Let u be a vector where u = [4 3 1]. Let A be the set of all vectors orthogonal to u. Show that A is subspace of R^3. Then find the basis for A.

Homework Equations





The Attempt at a Solution



For showing that A is a subspace...

Zero vector is in A because A(0) = 0

For any u & v, u+v is in A because Au=0, Av=0, and A(u+v) = Au+Av = 0

And for any scalar c, A(cu) = c(Au) = c(o) = 0

As for the basis, I really have no idea where to even start with that.

Thanks for any help.

You should do the first part of this problem; namely, finding the set of vectors that are orthogonal to u = (4, 3, 1). How can you tell that an arbitrary vector (x, y, z) is orthogonal to a given vector?
Zero vector is in A because A(0) = 0
For any u & v, u+v is in A because Au=0, Av=0, and A(u+v) = Au+Av = 0

And for any scalar c, A(cu) = c(Au) = c(o) = 0
None of this makes any sense.
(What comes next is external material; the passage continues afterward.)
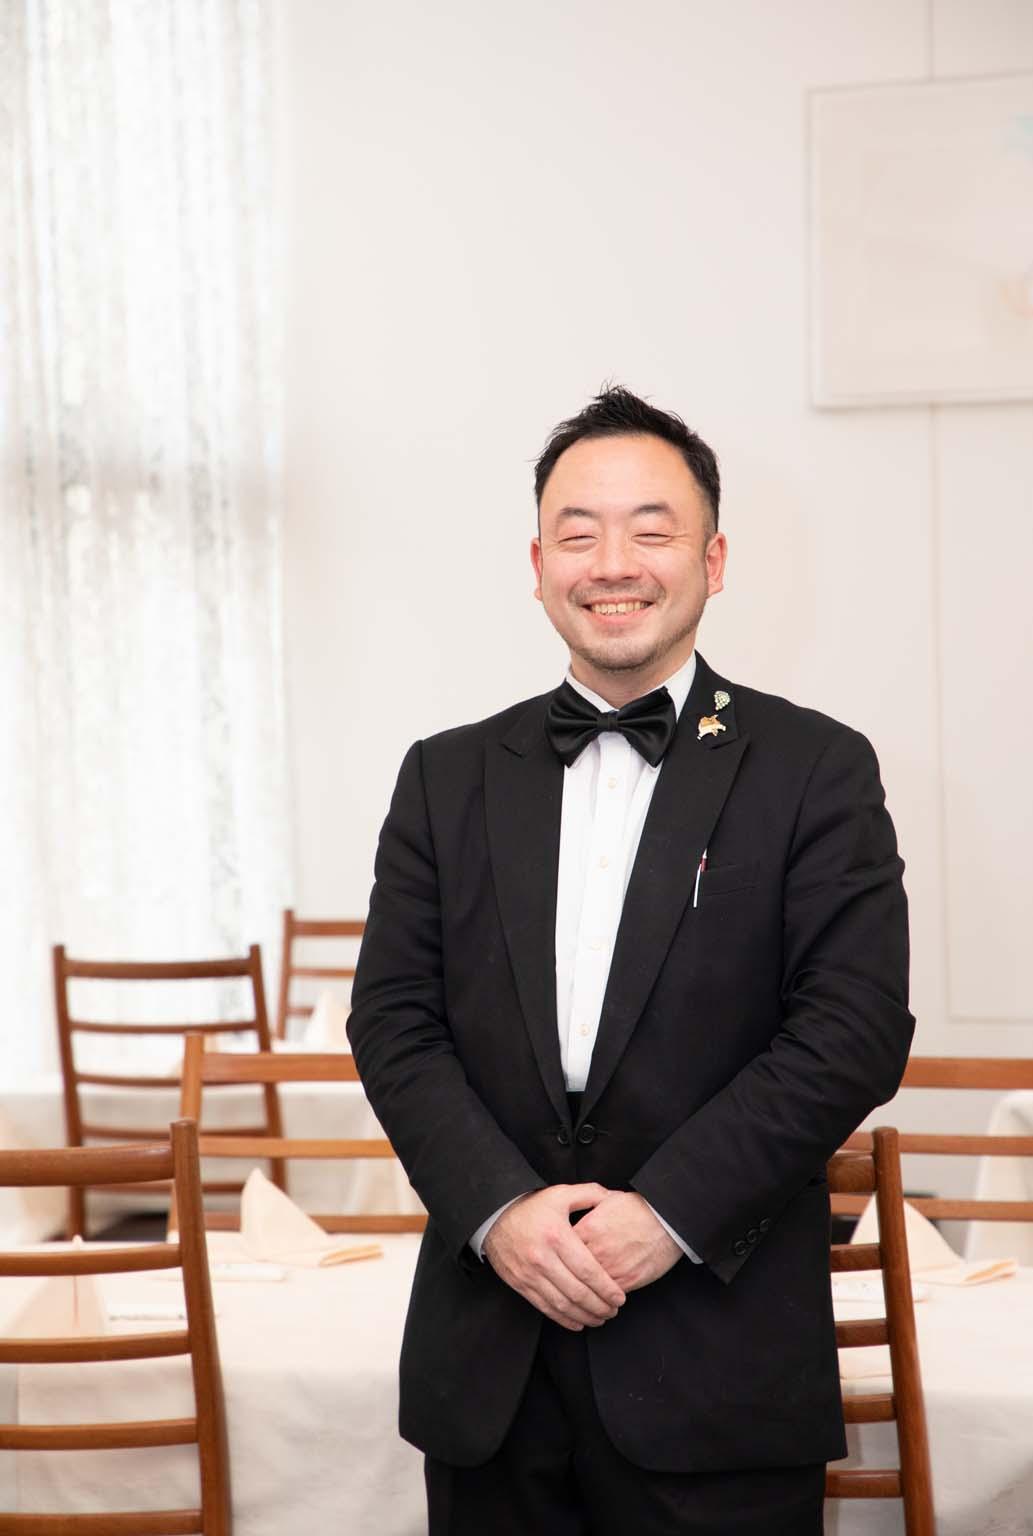 副支配人の岡田晃さん。ワインやハーブのエキスパートでもある。

A is a set, not a matrix, so it doesn't make any sense to multiply a vector by A.

As for finding a basis for A, if you do the first part you will be on your way toward a basis.
 
I'm not entirely sure how to show an arbitrary vector is orthogonal to a given vector. I've looked through my text for help, but it's not really helping.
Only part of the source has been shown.